A poetic book in the OT attributed to Solomon (which probably secured its place in the canon) but possibly written in the later part of the 6th cent. BCE. Other dates ranging over several centuries have been proposed. It is a series of love poems in dialogue form between a man and a woman who both use powerful and moving imagery. In 4: 5 to 5: 1 there is a clear allusion to the consummation of heterosexual love followed by a celebratory meal, and soon the man’s hasty exit. The conventional interpretation in Judaism and Christianity has been to regard the Song’s erotic vocabulary as allegorical: it is said to express the love of God for his people (Israel, or the Church) or between Christ, or his mother, and the individual. But there is a reversal of roles as between the prophetic books (e.g. Hosea) where Yahweh’s constant love is for his fickle bride, whereas in Song of Songs, the passionate and loyal female goes off in search of her lover when he has abandoned her. A valid liturgical usage must therefore reinterpret the allegory; and the book is not mentioned in the NT. However, as reinterpreted, the Song of Songs takes place not only as one of the Five Scrolls and used in the liturgy, at Passover, but also in Christian lectionaries, e.g. after Easter.
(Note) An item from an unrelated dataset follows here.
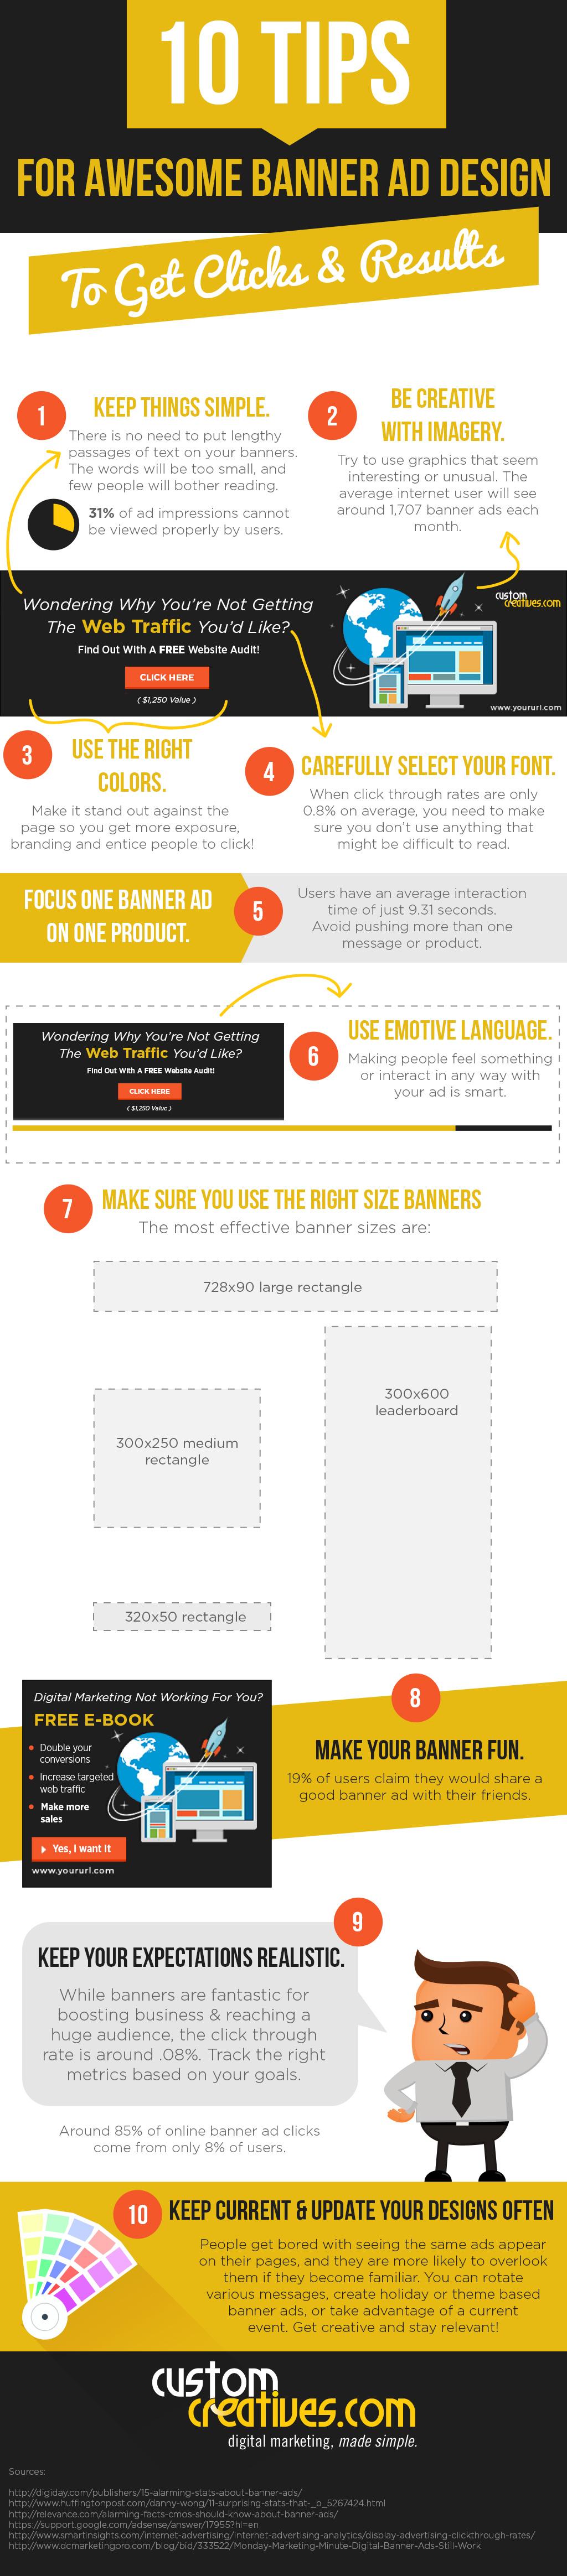 10-tips-banner-design-v6-final

It should, however, be added that it has also been argued, perhaps to the disappointment of a modern reader, that the author of the Song himself wrote it as an allegory and not of human love at all. However, most probably the exuberant lyrical poems were indeed written to celebrate human love. There are beautiful and sensuous metaphors and similes to extol the bodies both of women (e.g. 7: 1–6) and of men (5: 10–16). Mountain goats and pomegranates and nectar; lilies and spices and sapphire, are among the images with which the lovers entice each other to the vineyards (7: 12).